The account of Zipporah at the Inn where Yahweh meets Moses and tries to kill him is told in a way that attributes the attack to Mastema instead (Jubilees 48:1-3). Mastema is also said to have been chained while the Israelites left Egypt, but then let go to encourage the Egyptians to chase after the Israelites and so come to their doom in the Red Sea. The deaths of the firstborn of the Egyptians are attributed to "all the powers of Mastema". Mastema is also behind the powers of the Pharaoh's sorcerers.

=== Historical perspectives ===
The figure Mastema might be a step in developing the concept of the Devil as independent from God during the Second Temple period. By substituting Yahweh's malevolent role throughout the Torah with one of his angels, God is absolved of his otherwise evil actions. Yet, the authors of the Book of Jubilees assert that, ultimately, evil is caused by God, as it is God who explicitly grants Mastema demons. Accordingly, God allows evil to exist, but only for a limited period of time, without committing evil himself.

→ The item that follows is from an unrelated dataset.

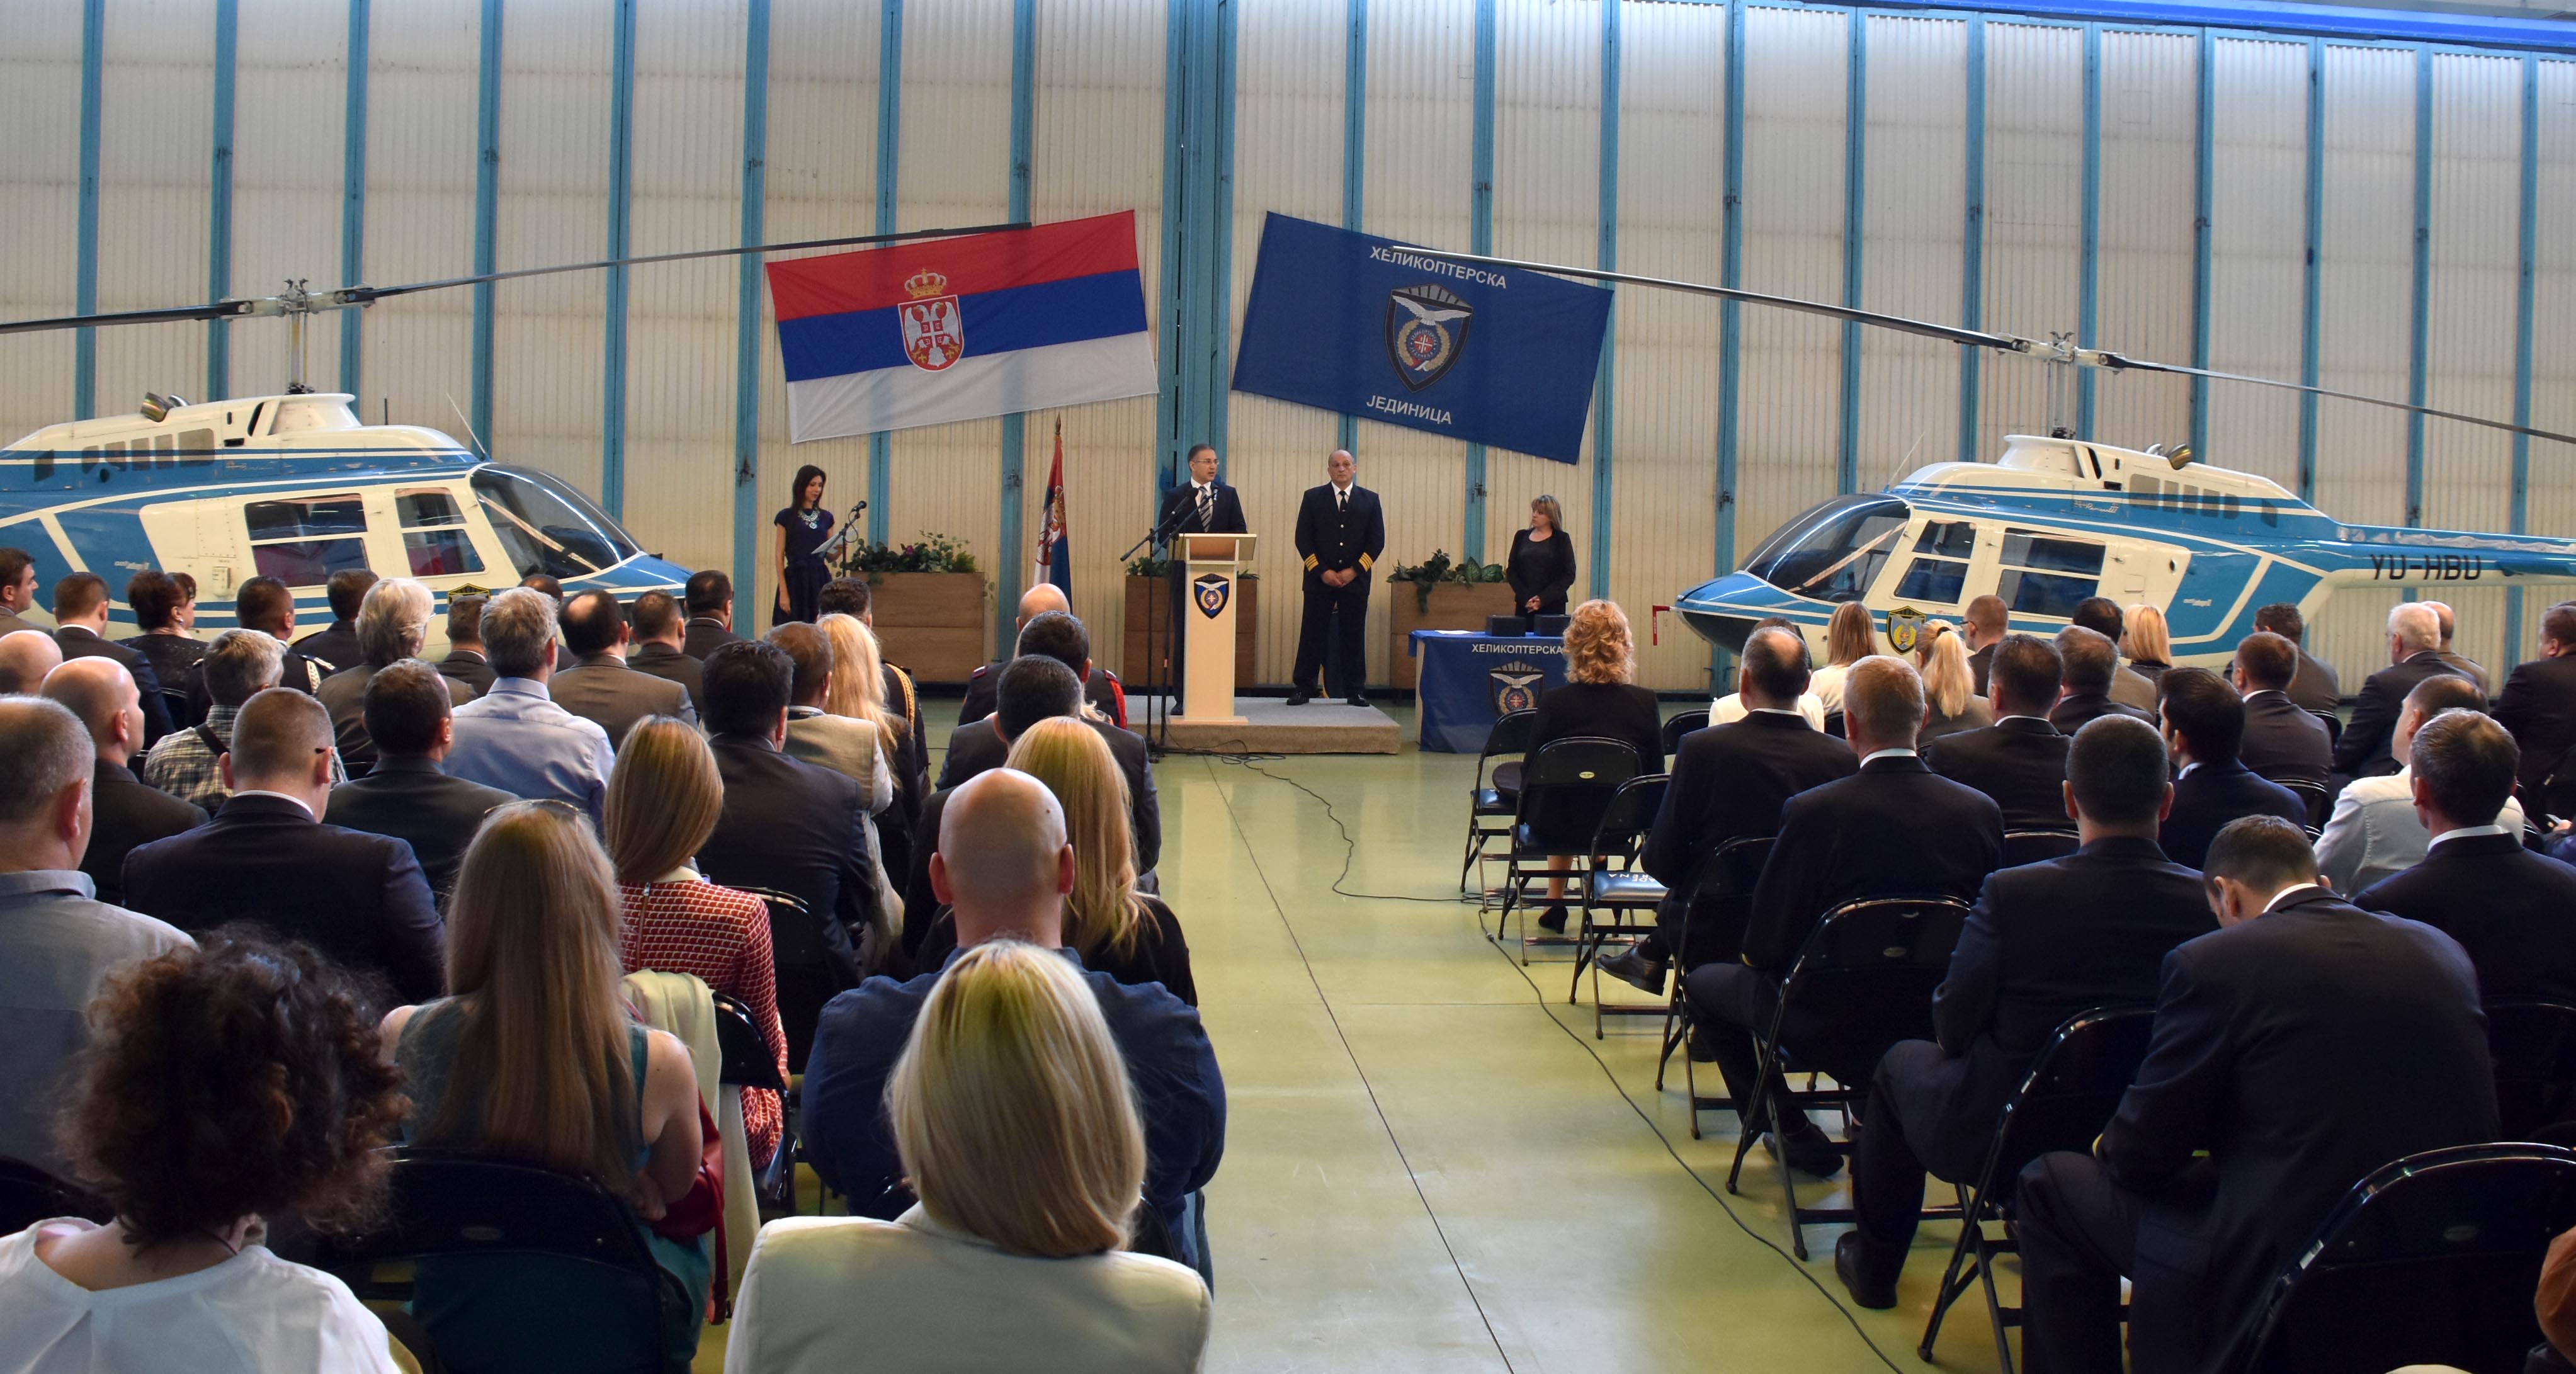 Стефановић: Хеликоптерска јединица MUP-a једна од најелитнијих јединица у Републици Србији и региону

Although a prince of evil, Mastema never harms God's servants. Whenever Mastema acts, it is only by God's permission, or Mastema is immediately restrained. In cases when harm actually befalls God's people, Mastema is not associated with the act. Mastema and his demons only succeed when they attack a non-Israelite nation. Throughout the Book of Jubilees, God's loyalty to the people of Israel remains unshaken. Mastema might be understood as a figure of evil befalling the non-Israelite nations. As such, the text inverts the audience's expectations by nullifying the power of the agent of evil as long as they stay loyal to the Jewish tradition.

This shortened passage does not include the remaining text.